This use case focuses on developing and demonstrating an automated workflow that reduces the data management burden for Earth observation (EO) scientists by enabling on-demand access to pre-configured, cloud-optimised data cubes tailored to specific user access patterns. By automating common remote sensing operations such as NDVI trend analysis and SAR coherence using tools like Zarr, Dask, and xarray, the workflow allows users to efficiently perform time-series analyses without handling individual files, thus enabling them to focus on scientific interpretation rather than data preparation. The solution supports both recent EO datasets (e.g., Sentinel-2 L2A from 2024) and older, non-optimised datasets from previous years by providing reusable workflows that convert legacy data into the same cloud-native, time-series-ready format through automated preprocessing, chunking, and metadata harmonisation. Both the data hosted in the EODC data repository and the resulting data cubes will be made discoverable via the EOSC Matchmaker, and EODC’s processing services will be offered in the Catalogue of tools, allowing users to process data directly on the EODC cloud infrastructure
EODC Data Repository

About

Use Case Status Before Joining EOSC Data Commons
Running scientific analyses based on Earth Observation (EO) data at scale involves a significant data management burden for researchers. Large volumes of data from multiple sources must be located, downloaded, and prepared before analysis can begin. This preparation involves numerous pre-processing steps, including data format conversions, reprojection, atmospheric correction, cloud masking, and structuring data into consistent spatiotemporal formats to facilitate multi-sensor fusion and time-series analysis. Metadata is often incomplete or non-harmonised, limiting discoverability and interoperability. While the EODC repository already provides petabyte-scale storage alongside cloud computing and standardised access to EO datasets via a STAC26 interface, users must still perform several resource-intensive steps manually. As EO data volumes continue to grow, this workflow becomes increasingly inefficient, diverting researchers’ time and resources away from scientific interpretation and towards repetitive technical tasks.
Objectives
- Develop automated workflows that generate on-demand, cloud-optimised EO data cubes tailored to user-defined spatial and temporal access patterns.

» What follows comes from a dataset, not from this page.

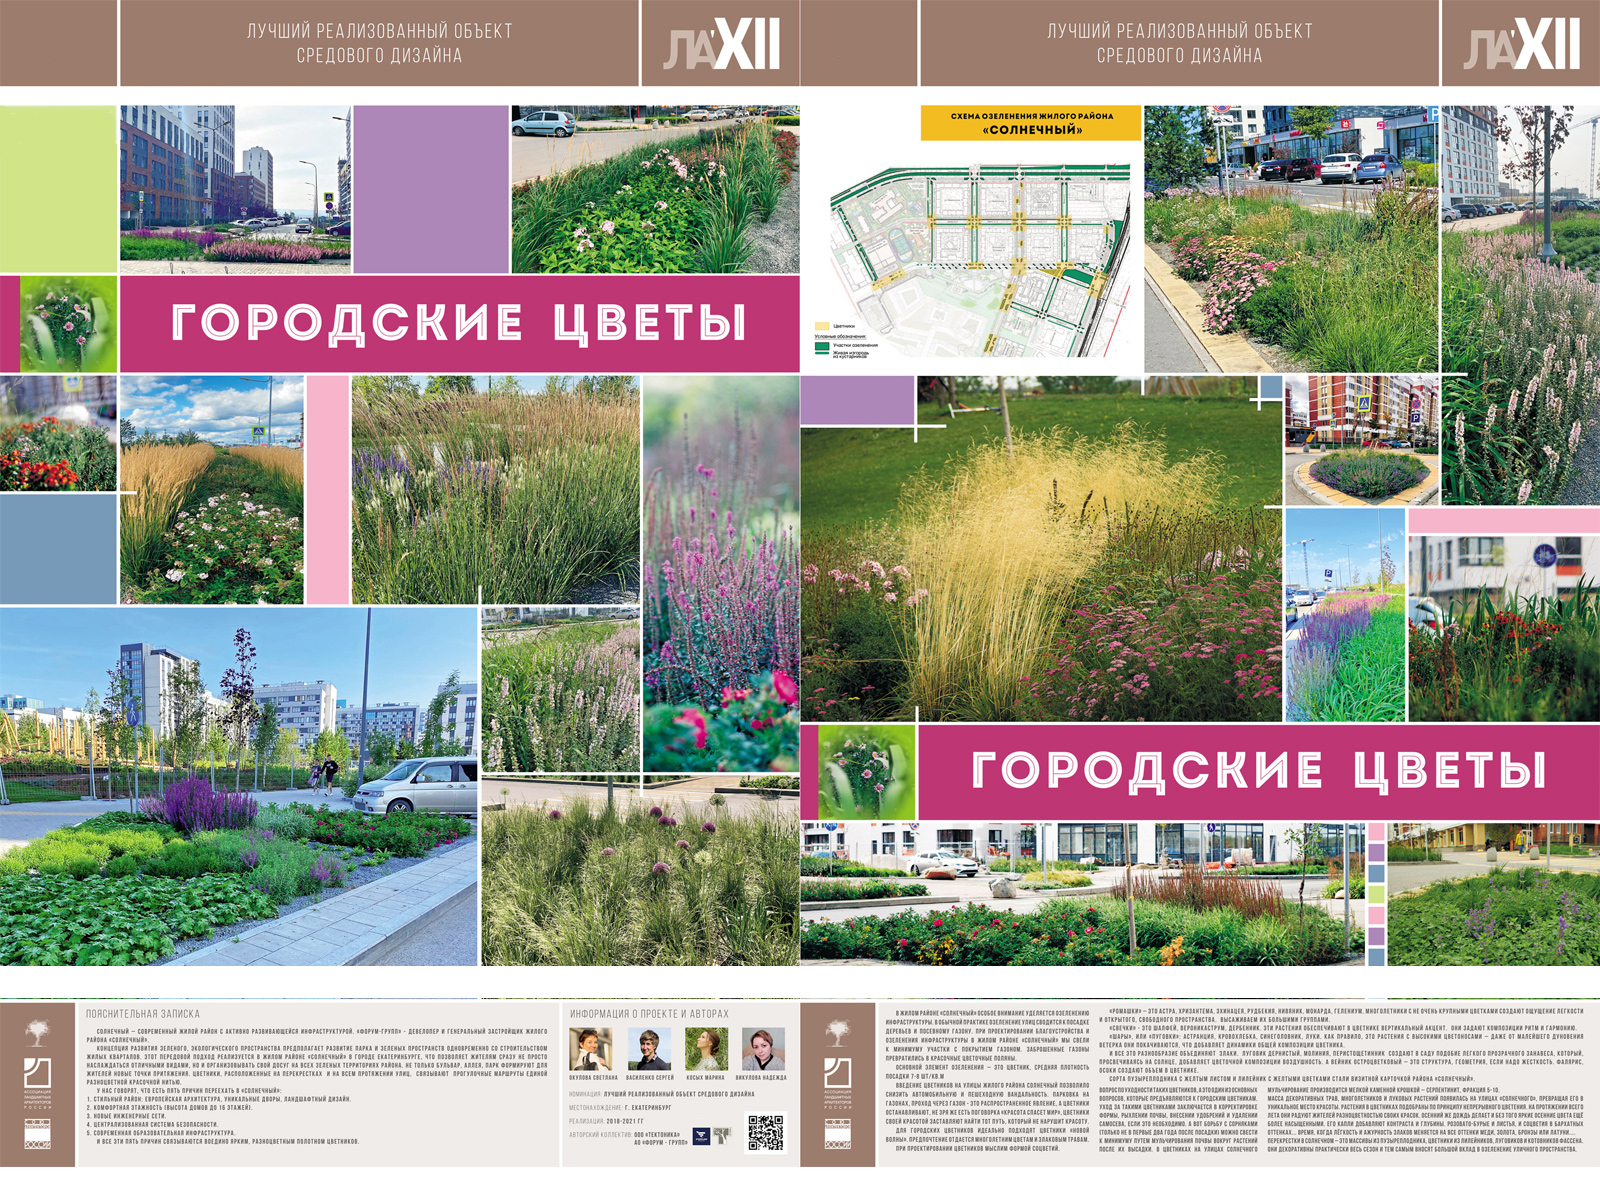 Городские цветы в г. Екатеринбурге (Золотой диплом) — лучший объект средового дизайна

- Enable scalable and efficient time-series analysis of EO data using modern open-source tools such as xarray, Dask, and Zarr, integrated into user-preferred environments.

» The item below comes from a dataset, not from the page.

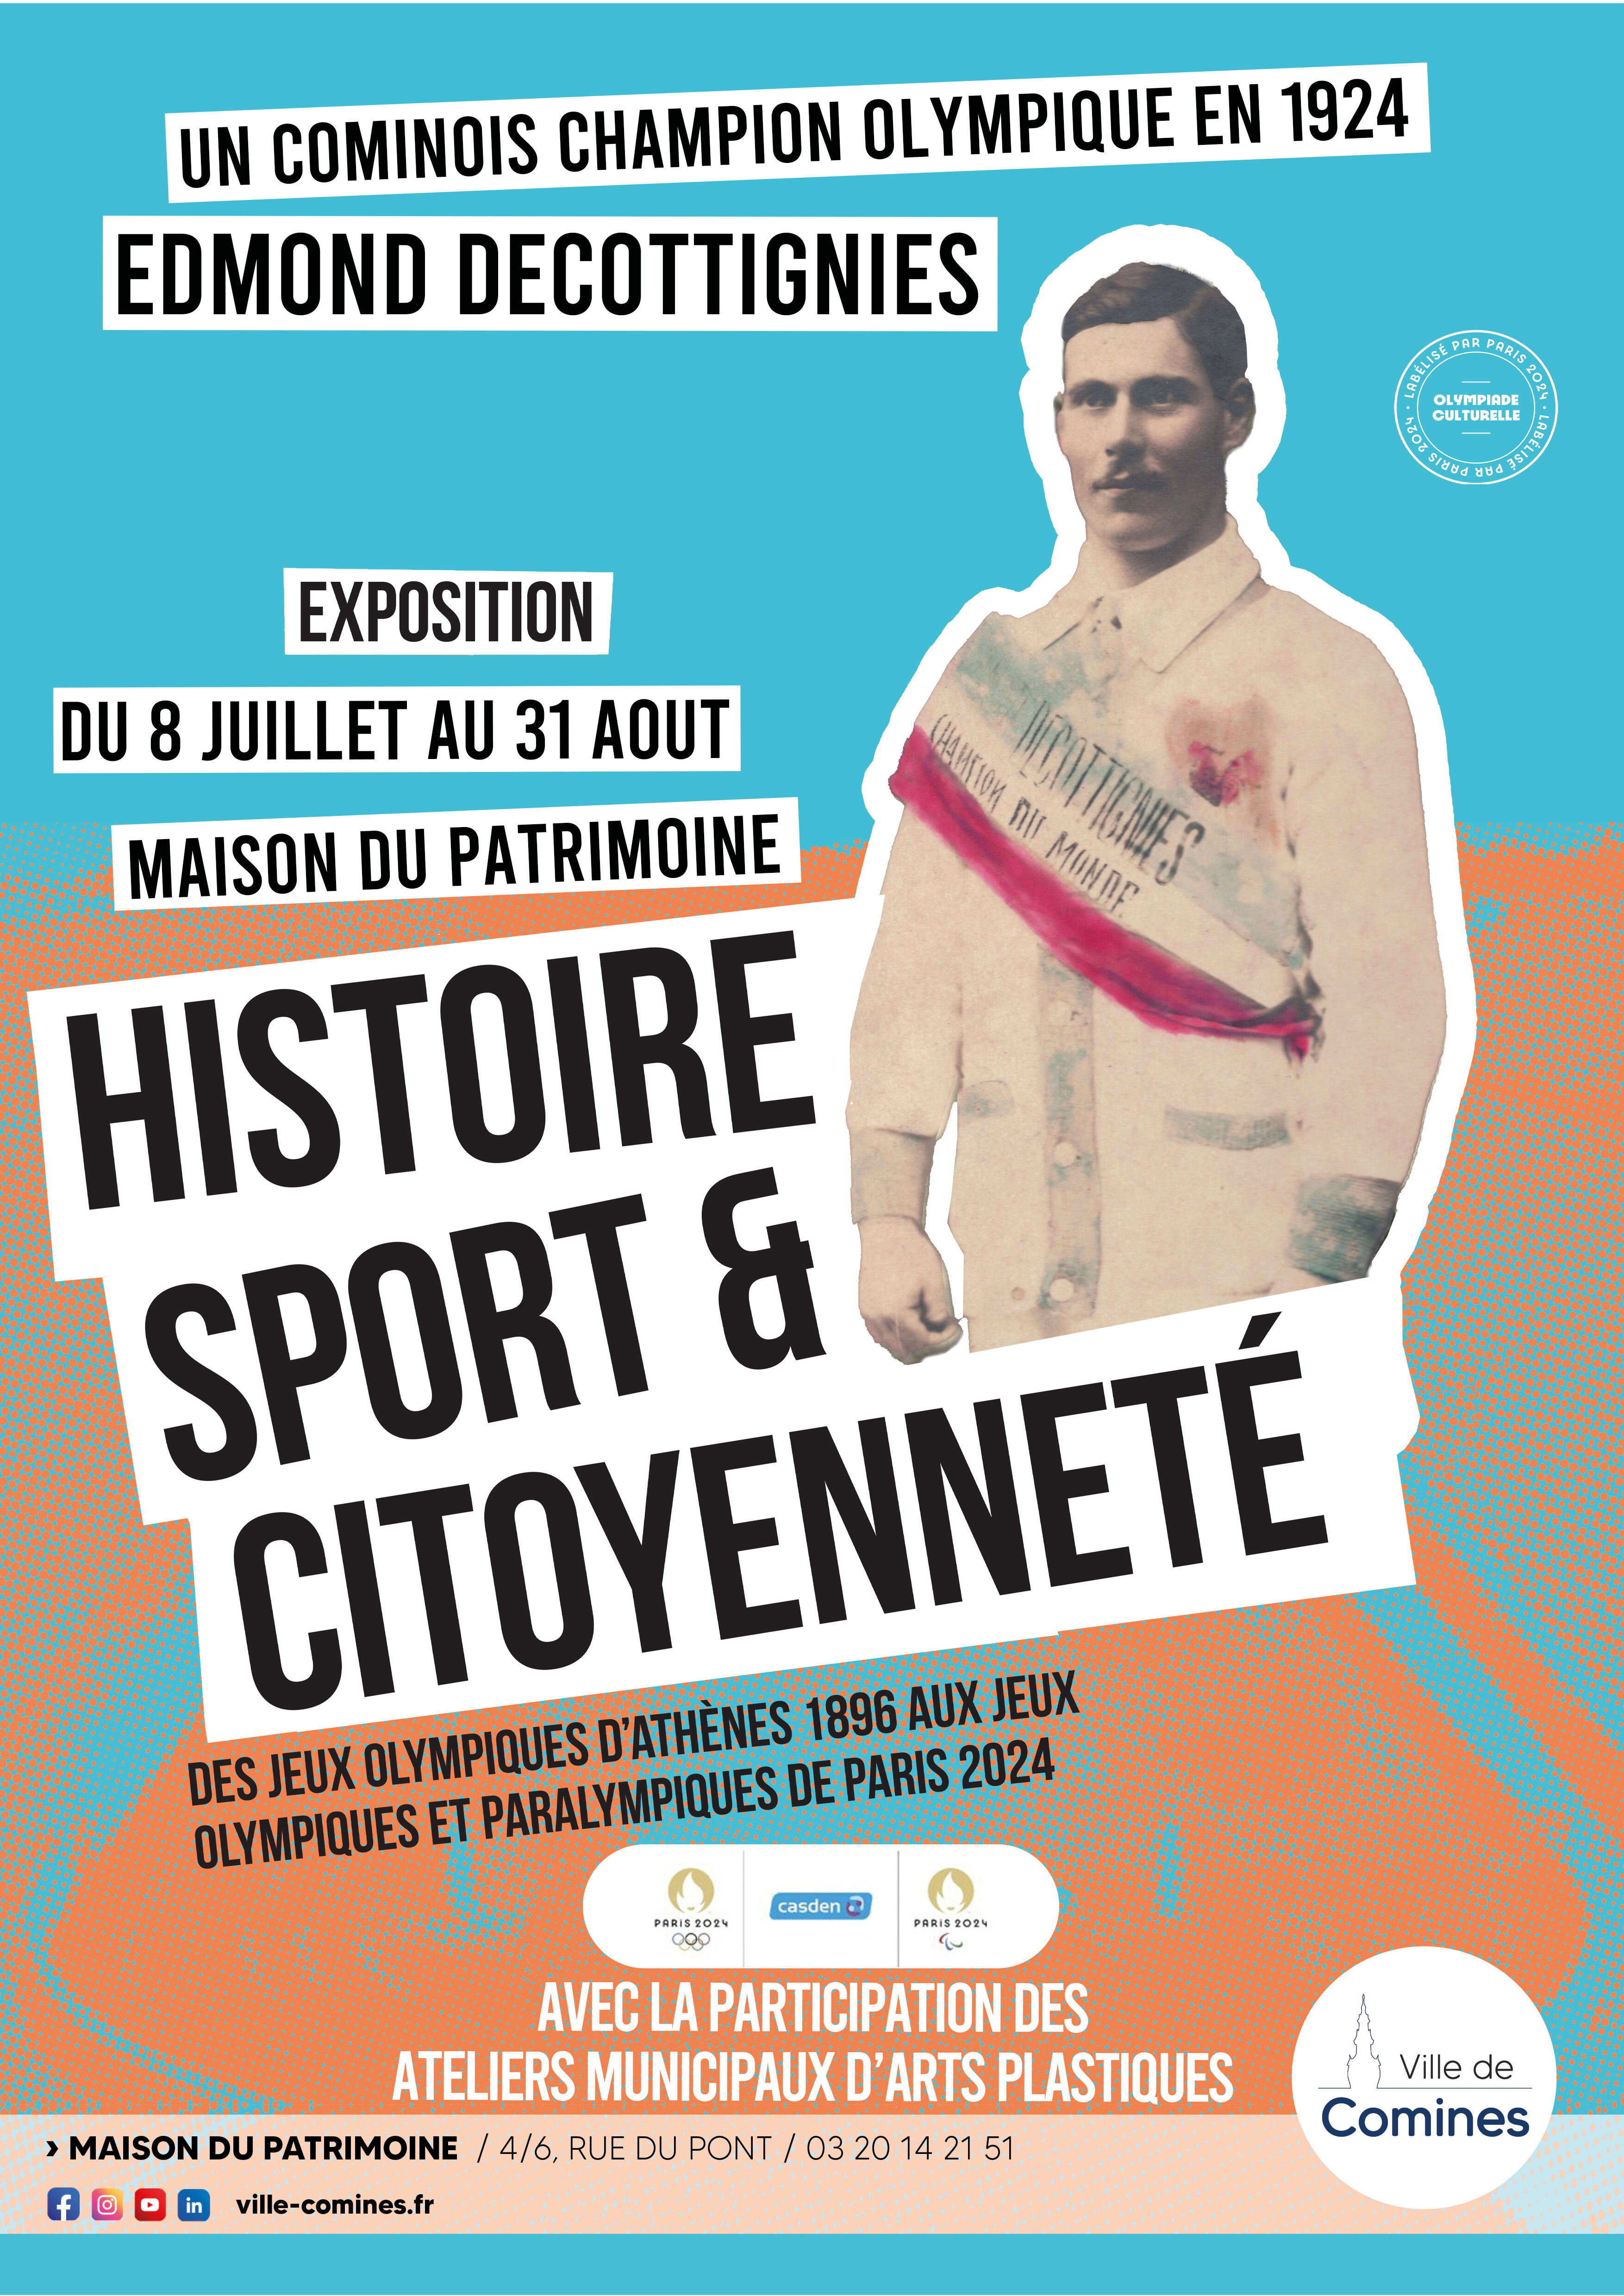 images/agenda/a3_-_histoire_sport_et_citoyenneté.jpg#joomlaImage://local-images/agenda/a3_-_histoire_sport_et_citoyenneté.jpg?width=3508&height=4961

- Provide reusable workflows to convert legacy, non-optimised EO datasets into harmonised, cloud-native formats suitable for integration into ongoing analyses.
- Ensure the discoverability of both EO datasets and resulting data cubes through the EOSC Matchmaker and facilitate their processing on the EODC cloud infrastructure.
Integration with EOSC Data Commons Services and Components
EOSC Matchmaker
The use case focuses on making the EO datasets and derived data cubes in the EODC repository discoverable and accessible through the AI-based search engine and metadata warehouse by developing a dedicated STAC metadata crawler. In addition, the use case will contribute to the Catalogue of Tools by publishing the developed workflows for pre-processing and cube generation as reusable packages. These will be exposed via the Catalogue of Tools so that researchers can pair data discovered through the EOSC Matchmaker with ready-to-use processing tools.
EOSC Data Player
The use case will integrate with the EOSC Data Player by providing cloud-based computing services through the EODC infrastructure. Once data and workflows are discoverable via the EOSC Matchmaker, the EOSC Data Player will enable their execution directly on EODC’s compute resources, avoiding the need for users to transfer large volumes of Earth observation data.
FAIR Assessment Toolkit
The use case will integrate with the FAIR Assessment Toolkit to evaluate and improve the FAIRness of both existing datasets in the EODC repository and the newly generated data cubes. FAIR metrics will be applied to assess discoverability, accessibility, interoperability, and reusability. The insights gained will guide improvements in metadata quality, harmonisation, and publication practices, directly contributing to the creation of metadata-rich, standardised, and reproducible data products.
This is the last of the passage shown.